La République de Moldova doit prendre des mesures générales appropriées pour résoudre les violations de la Convention découlant du système de hiérarchie informelle existant au sein de ses prisons (5 mars)

Arrêt Petrov c. République de Moldova, requête n°40272/18

Le requérant allègue avoir subi des restrictions, des humiliations et du travail forcé dans le cadre de sa détention, en raison de son statut de « paria » au sein de la hiérarchie informelle qui régnait entre les détenus. Ses alertes aux autorités étant restées sans réponse, il allègue une violation des articles 3 et 4 de la Convention. La Cour EDH rappelle d’abord que les Etats parties doivent s’assurer que la détention ne soumette pas le détenu à une épreuve d’une intensité qui excède le niveau inévitable de souffrance inhérent à celle-ci. Les Etats sont soumis à des obligations positives de protection, et, en cas de défaillance, peuvent être tenus responsables tant des traitements inhumains que du travail forcé dont les détenus auraient été victimes. En l’espèce, la Cour EDH considère les faits caractérisés et relève qu’ils ont été commis avec la tolérance voire la complaisance des autorités.
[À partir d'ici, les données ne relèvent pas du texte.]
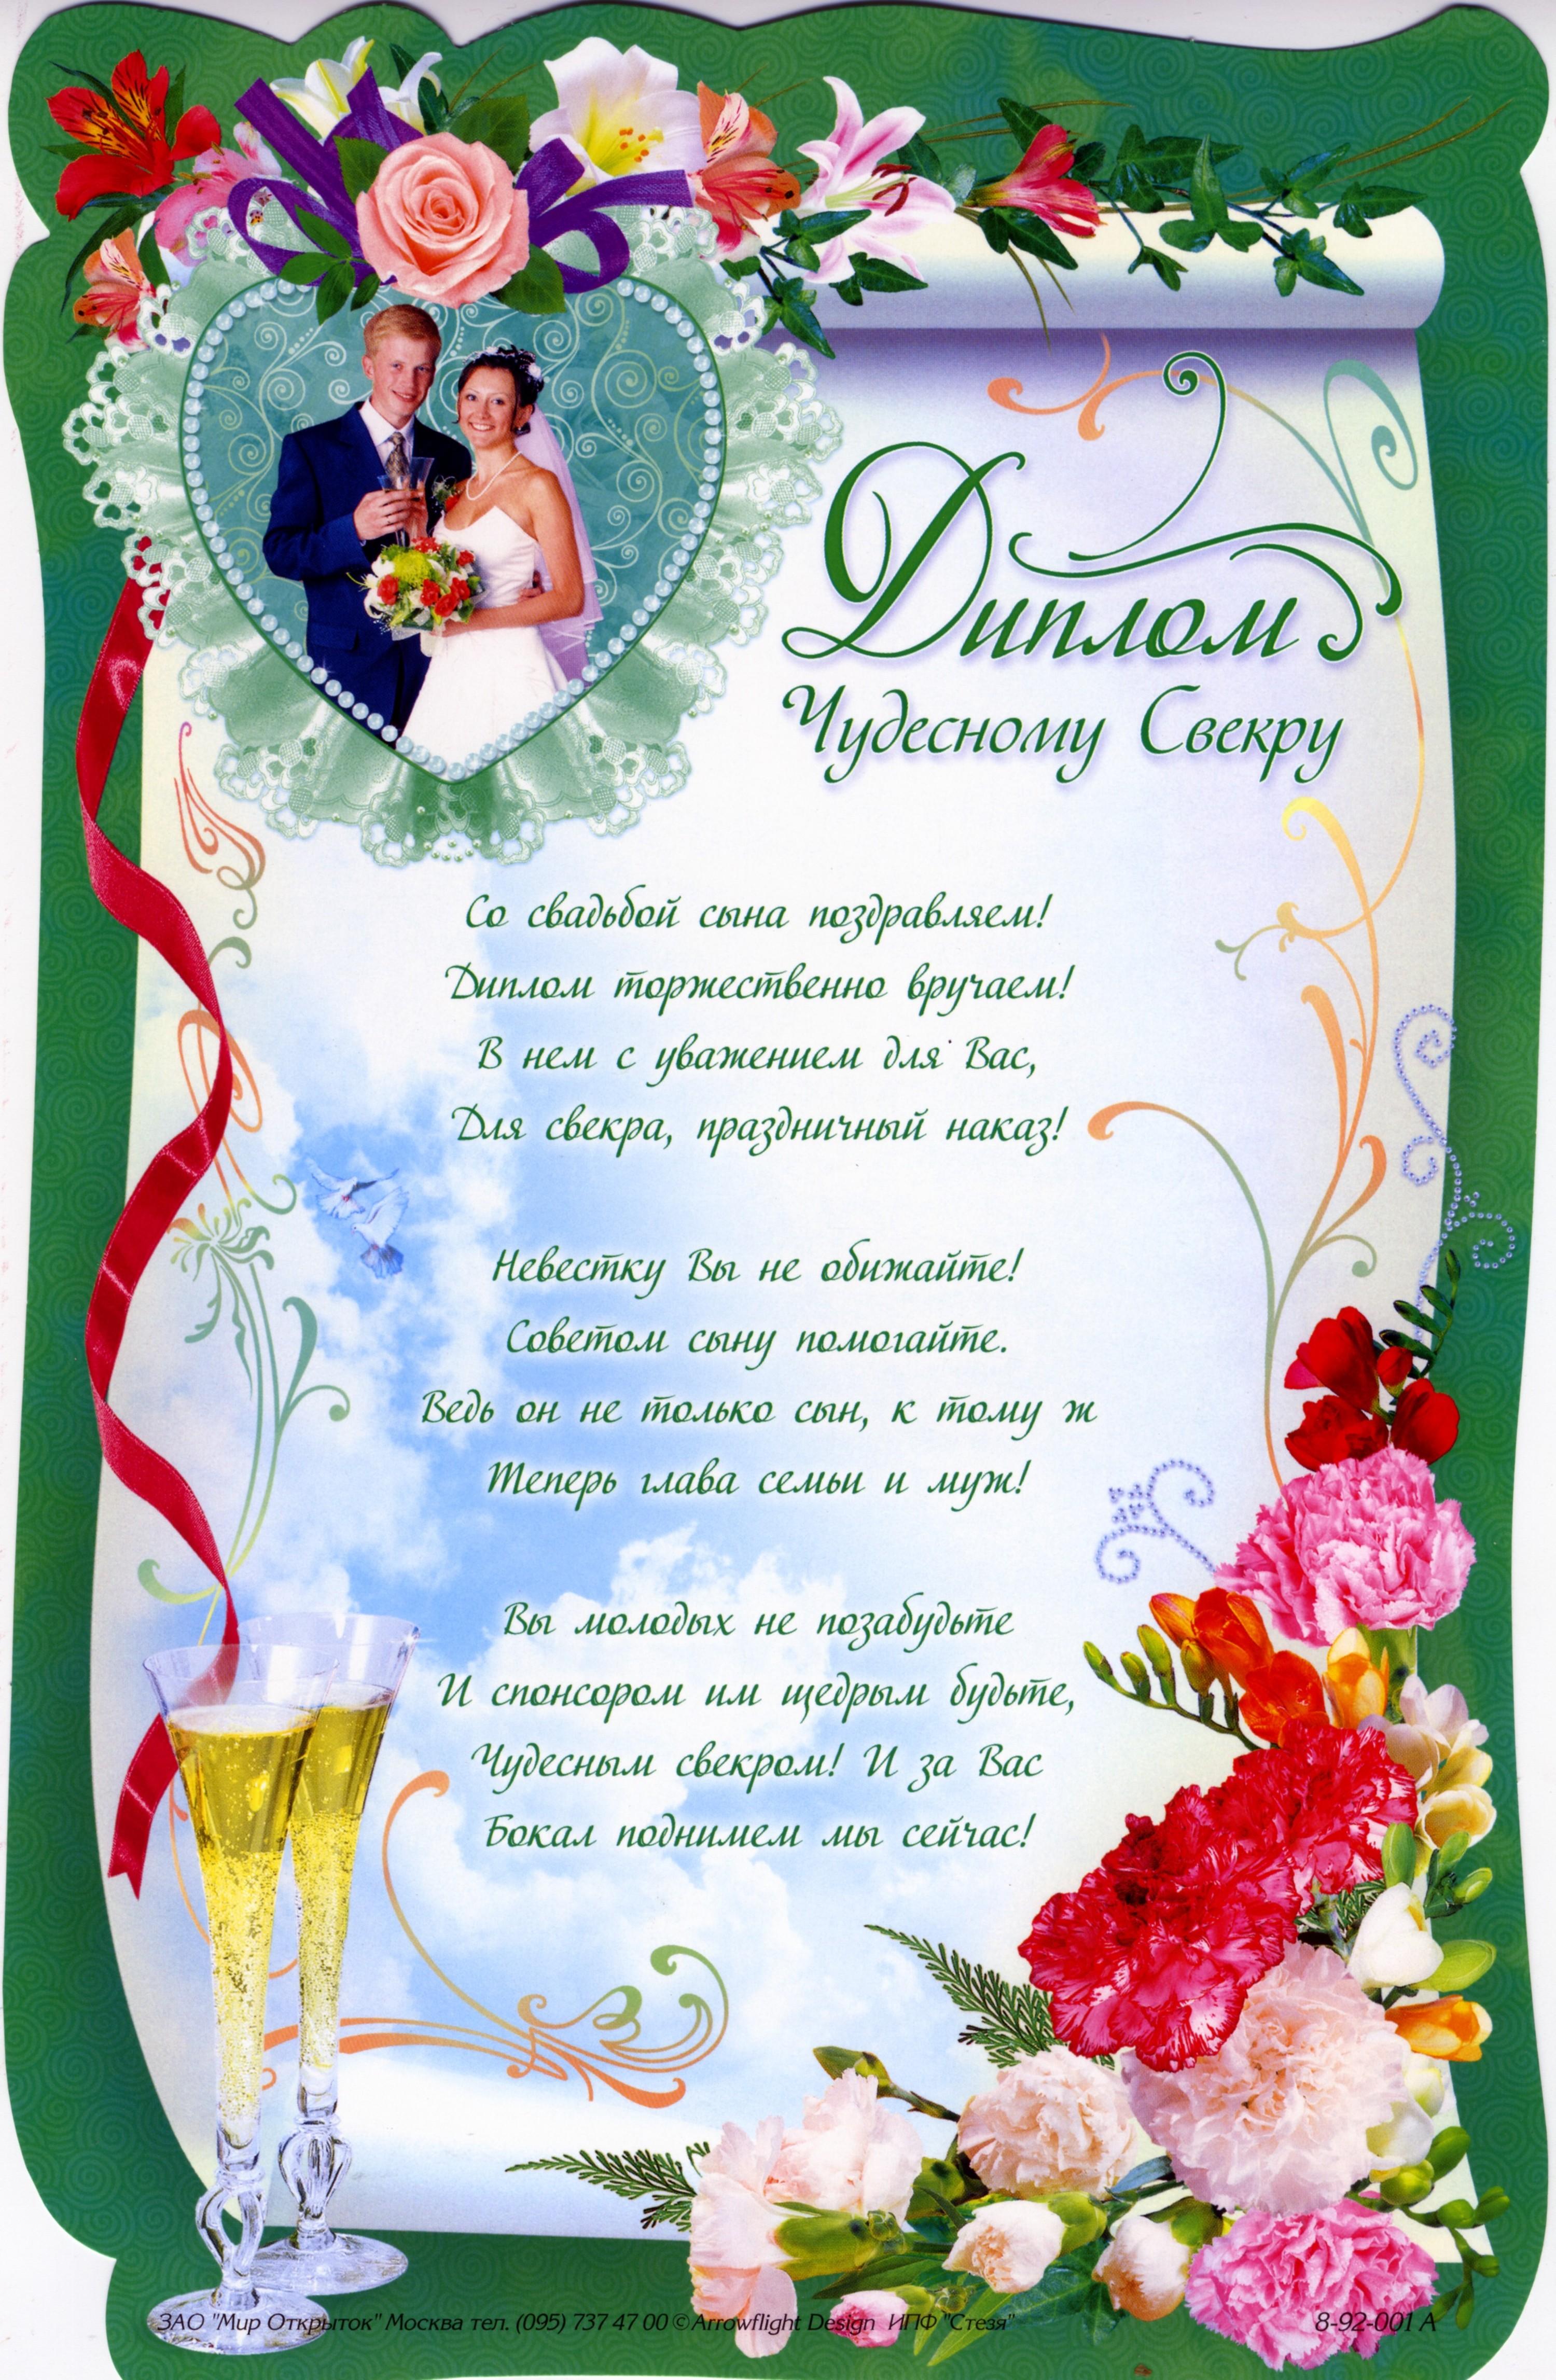 Сценка поздравление коллеге на свадьбу

Elle précise que l’exclusion du travail forcé du champ de l’article 4 ne vaut pas en cas de travail « anormal », lequel est caractérisé en raison de la discrimination subie par le requérant. Partant, elle conclut non seulement à la violation de la Convention mais également à la nécessité pour la République de Moldova de prendre des mesures générales appropriées afin de résoudre le problème systémique ayant conduit à celle-ci. (PC)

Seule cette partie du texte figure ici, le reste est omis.